The current repo does not show an obvious cfold-local fix to apply: the Ghost-specific overlay is unchanged, the recipe artifact still carries the expected compose.ccci.yml file, and the failure remains in the live upgrade path rather than discovery/custom-test coverage.
Net: cfold remains blocked on a cfold-neutral Ghost upgrade regression / flake. No repo-local code change was justified by that audit alone.

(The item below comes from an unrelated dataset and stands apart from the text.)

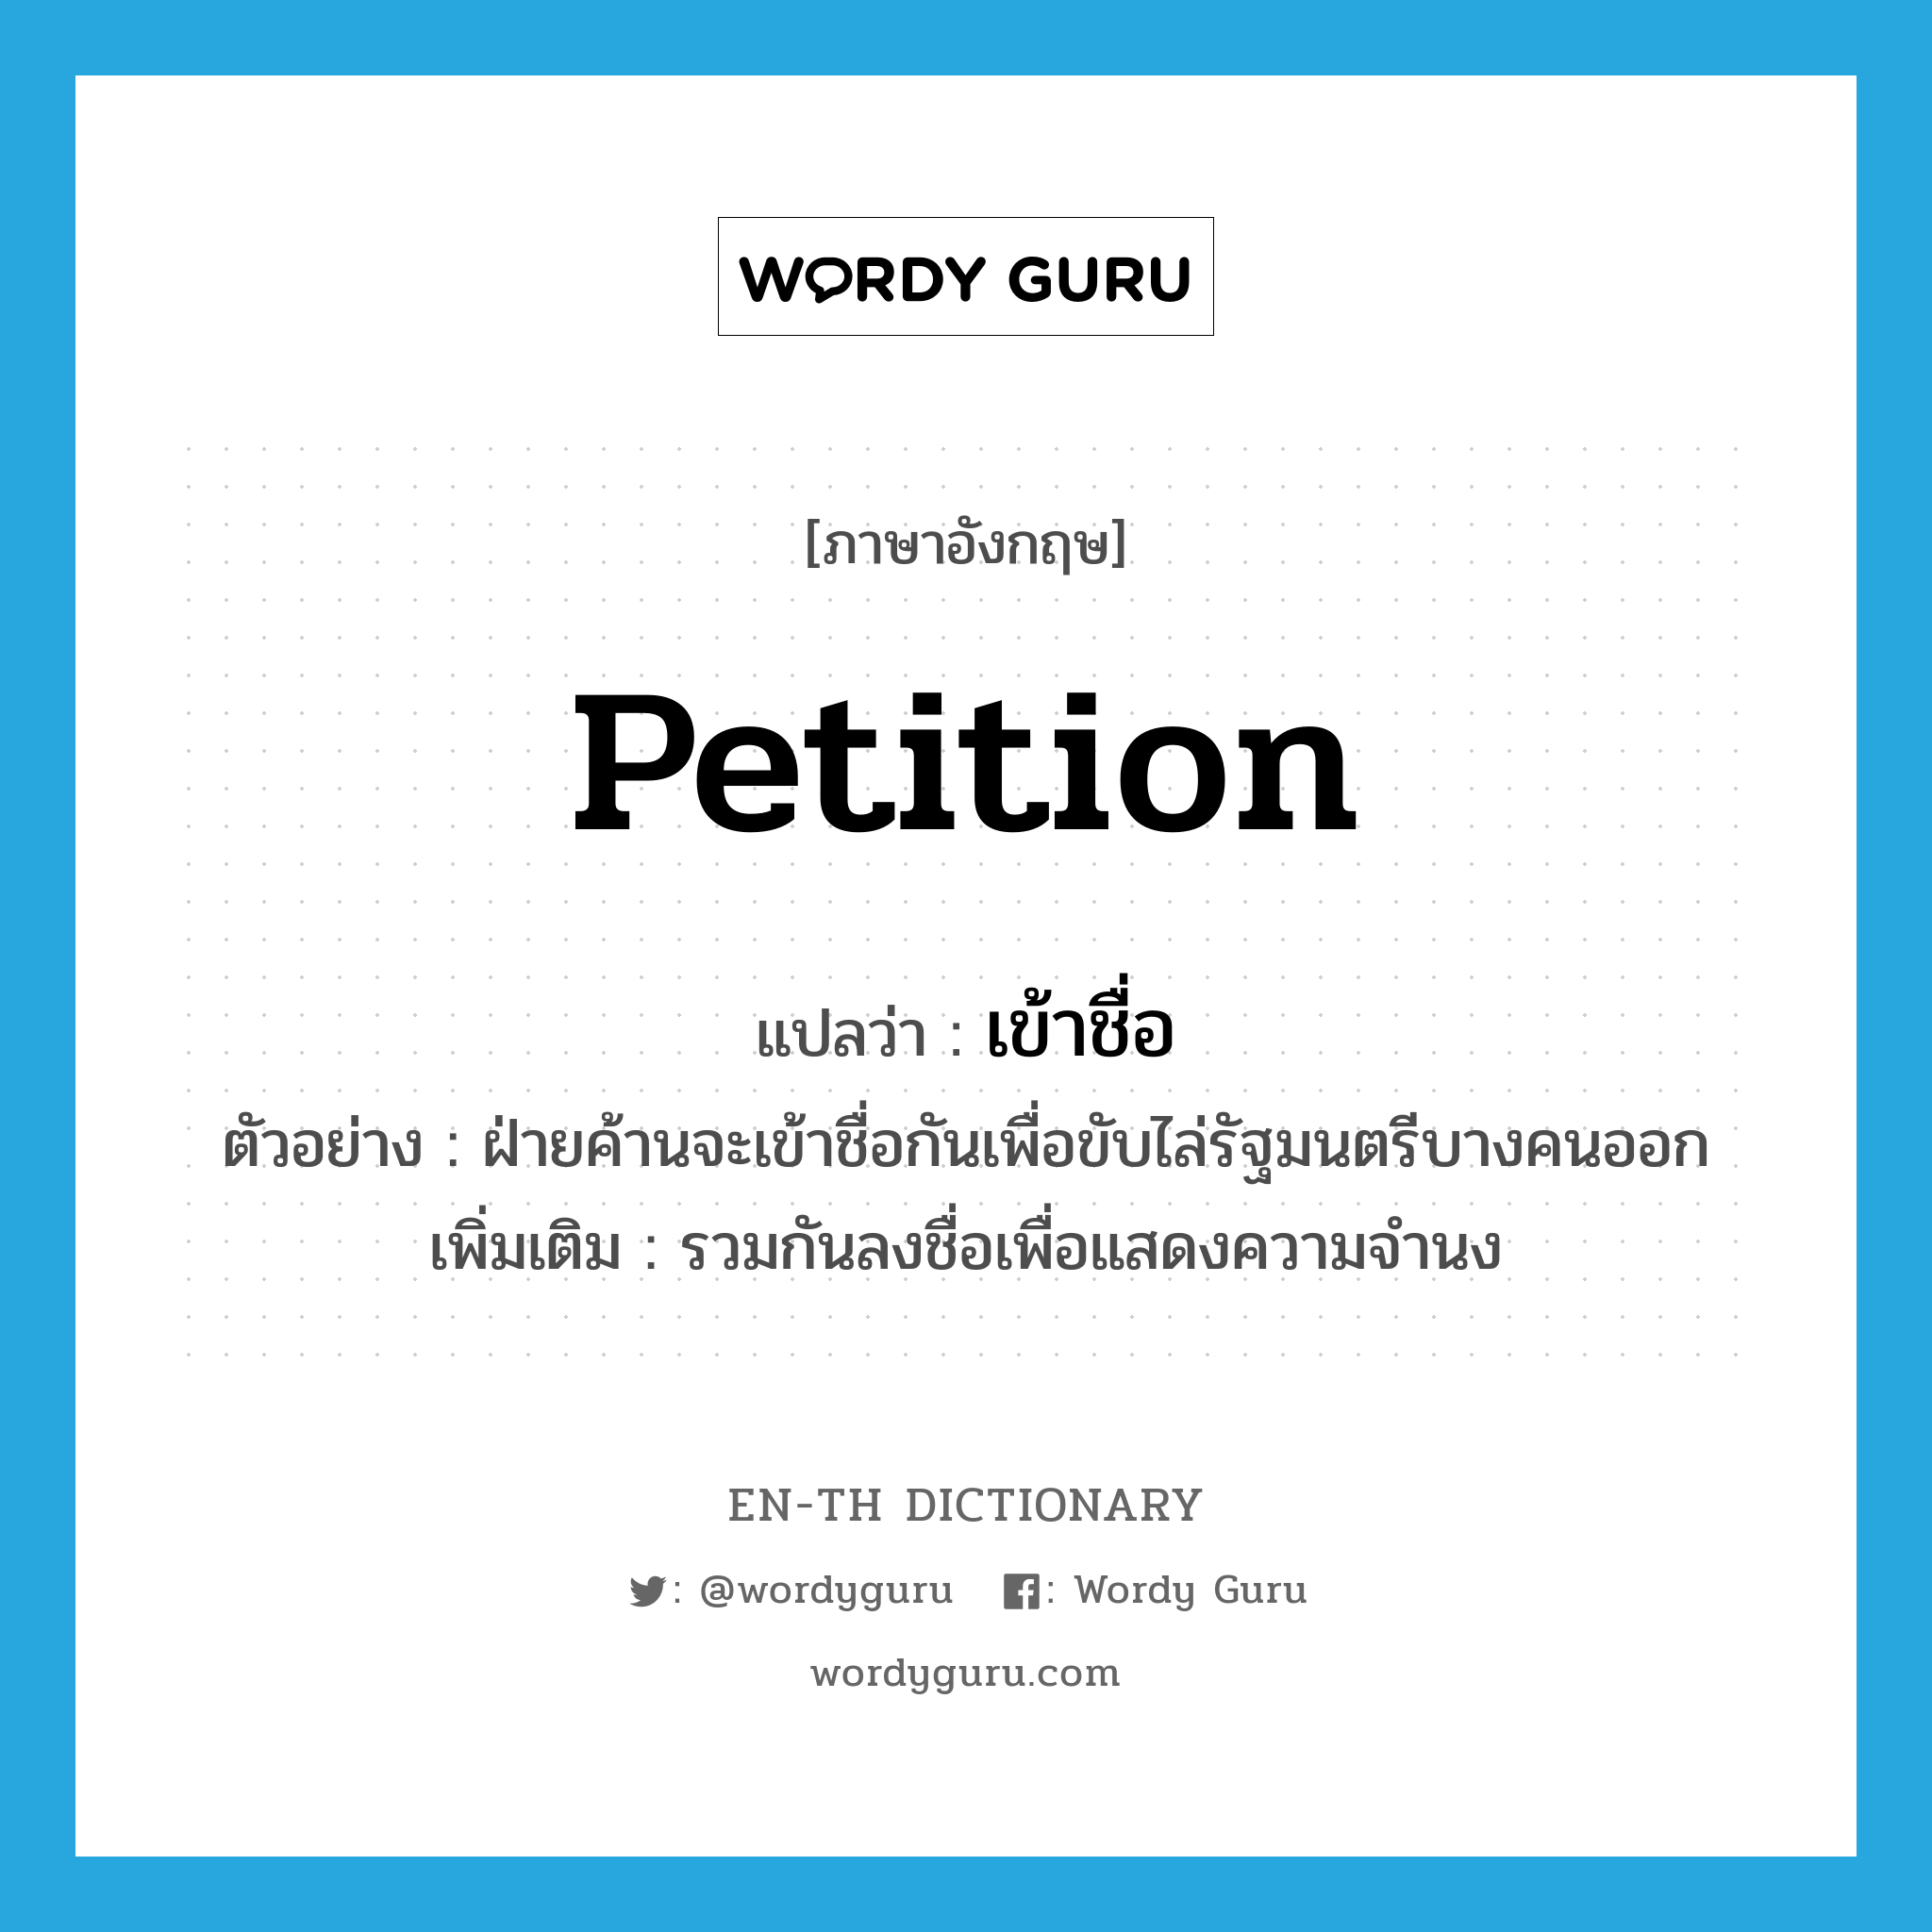 petition แปลว่า?, คำศัพท์ภาษาอังกฤษ petition แปลว่า เข้าชื่อ ประเภท V ตัวอย่าง ฝ่ายค้านจะเข้าชื่อกันเพื่อขับไล่รัฐมนตรีบางคนออก เพิ่มเติม รวมกันลงชื่อเพื่อแสดงความจำนง หมวด V
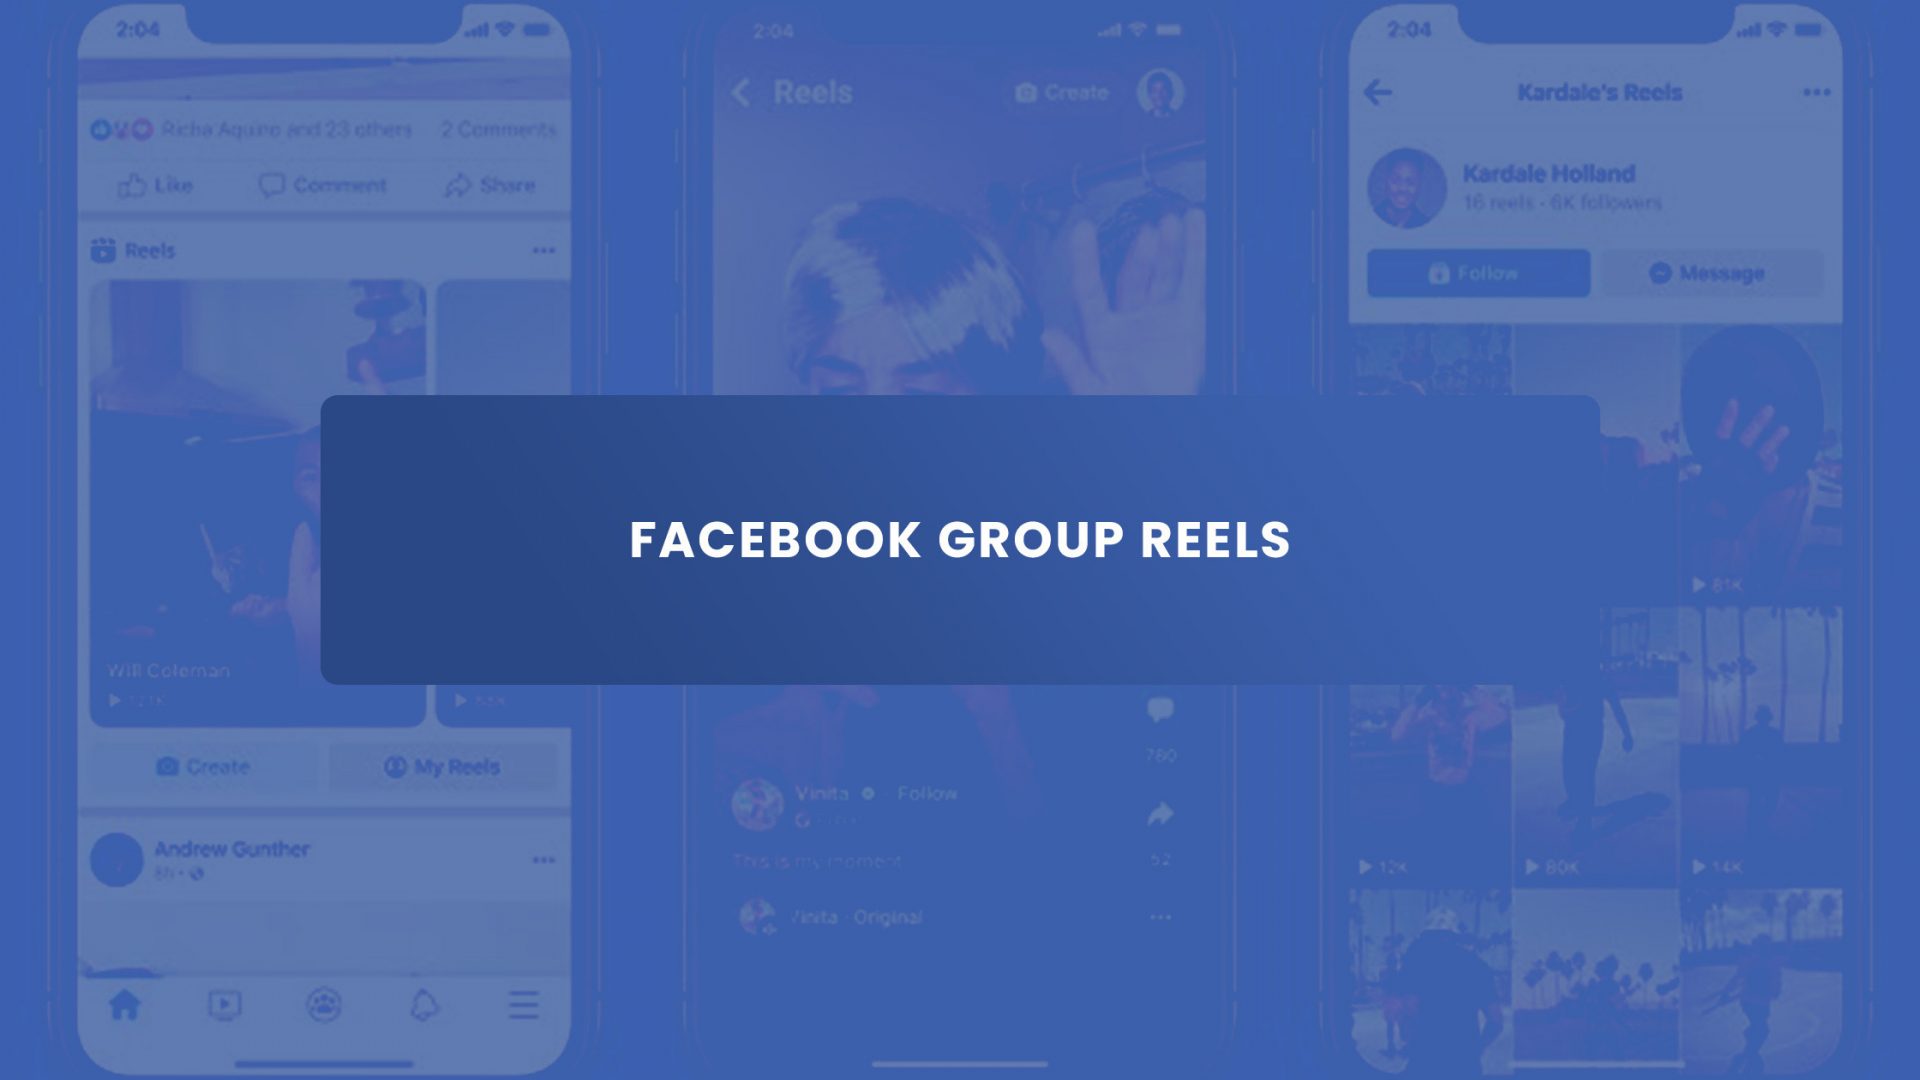 Facebook group reels

2026-06-13 — Ghost PR #3 fresh probe after reopen: same upgrade-only failure, plus duplicate trigger signal

I looked for the smallest allowed M2 step that did not touch recipe code: reuse an existing Ghost PR head that had historically gone green and rerun it through the live !testme path.

Actions taken:

$ set -a && . /srv/cc-ci/.testenv && set +a
$ curl -fsS -u "$GITEA_USERNAME:$GITEA_PASSWORD" -X PATCH \
    -H 'Content-Type: application/json' \
    -d '{"state":"open"}' \
    "https://$GITEA_URL/api/v1/repos/recipe-maintainers/ghost/pulls/3"
# PR #3 reopened; head remains 720faa0bebc46a34857b2933df1924ccabbd4087

$ curl -fsS -u "$GITEA_USERNAME:$GITEA_PASSWORD" -X POST \
    -H 'Content-Type: application/json' \
    -d '{"body":"!testme"}' \
    "https://$GITEA_URL/api/v1/repos/recipe-maintainers/ghost/issues/3/comments"
# comment 14497 created at 2026-06-13T00:07:50Z

Fresh live outcomes:

$ ssh cc-ci 'jq "{run_id, pr, recipe, ref, level, results, stages: (.stages | map({name,status,summary}))}" /var/lib/cc-ci-runs/568/results.json'
{
  "run_id": "568",
  "pr": "3",
  "recipe": "ghost",
  "ref": "720faa0bebc4",
  "level": 1,
  "results": {
    "backup": "pass",
    "custom": "pass",
    "install": "pass",
    "restore": "pass",
    "upgrade": "fail"
  },
  "stages": [
    {"name": "install", "status": "pass", "summary": null},
    {"name": "backup", "status": "pass", "summary": null},
    {"name": "restore", "status": "pass", "summary": null},
    {"name": "custom", "status": "pass", "summary": null},
    {"name": "lint", "status": "pass", "summary": null}
  ]
}

$ ssh cc-ci 'jq "{run_id, pr, recipe, ref, level, finished, results, stages: (.stages | map({name,status}))}" /var/lib/cc-ci-runs/569/results.json'
{
  "run_id": "569",
  "pr": "3",
  "recipe": "ghost",
  "ref": "720faa0bebc4",
  "level": 1,
  "finished": 1781309502.5494862,
  "results": {
    "backup": "pass",
    "custom": "pass",
    "install": "pass",
    "restore": "pass",
    "upgrade": "fail"
  },
  "stages": [
    {"name": "install", "status": "pass"},
    {"name": "backup", "status": "pass"},
    {"name": "restore", "status": "pass"},
    {"name": "custom", "status": "pass"},
    {"name": "lint", "status": "pass"}
  ]
}

Comment-stream evidence for duplicate triggers from one !testme:

$ curl -fsS -u "$GITEA_USERNAME:$GITEA_PASSWORD" \
    "https://$GITEA_URL/api/v1/repos/recipe-maintainers/ghost/issues/3/comments?limit=20"
# ...
# 14497: !testme (2026-06-13T00:07:50Z)
# 14498: cc-ci failure comment for run 568 (2026-06-13T00:08:05Z)
# 14499: cc-ci in-progress comment for run 569 (2026-06-13T00:08:05Z)
# 14500: cc-ci in-progress comment for run 570 (2026-06-13T00:08:05Z)

Takeaways:

Ghost is now freshly red post-cfold on three distinct PR heads (720faa0b, d88f5801, d42d0f7c), all with the same upgrade-only failure shape while custom discovery stays green.
That further weakens any cfold-local explanation; the blocker remains in Ghost's live upgrade path.
There is also likely a separate trigger dedupe problem: one !testme comment spawned runs 568, 569, and 570. I did not broaden into a D1 investigation in this loop step because cfold M2 is already hard-blocked by Ghost's repeated upgrade failures, but the evidence is now recorded.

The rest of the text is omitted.